What do you do to get rid of unwanted snails in your aquarium?
There used to be a product called "Had-a-Snail" but I can't seem to find it.
I do have some Potassium Permanganate. I could remiove the plants & soak them. But that won't take care of the snails that are in the gravel.
Any suggestions?


----------



## djrichie (May 15, 2008)

There are 3 main methods:

1. to bait the snails onto a plate or build a trap and bait them, and or smash the on the side of the tank daily, this will only contol they somewhat and takes alot of time.

2. Buy Had a Snail - you should be able to find it at a LFS or Chain pat store. If you can find it, I think I have some, and can loan it to you at the next GCAS meeeting.
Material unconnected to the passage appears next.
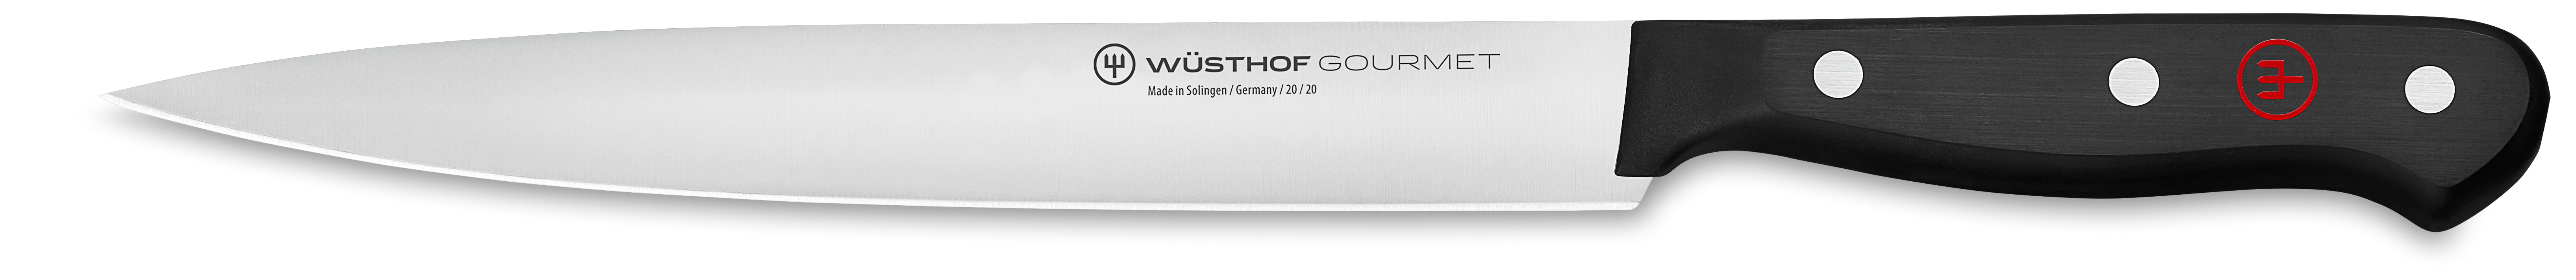 Wusthof Gourmet Carving Knife 20cm

3. Get a snail eating Loach..... Clown Loach work will, my bonitia loachies eat them, and my personal favorite is the chain loach, great fish for snaill control, they only get 2"'s as adults an are a really cool fish to have. I do beleave that the YO YO loach as will but I have no esperience with them


----------



## gunnie (Nov 16, 2008)

I have 4 yo yo loaches in a 20 gal. tank that I bought specifically because my tank was overrun with snails. The problem was solved within 2 weeks! If you have room for yo yo's, (at least 3), that would be my recommendation. They also add lots of activity to your tank!


----------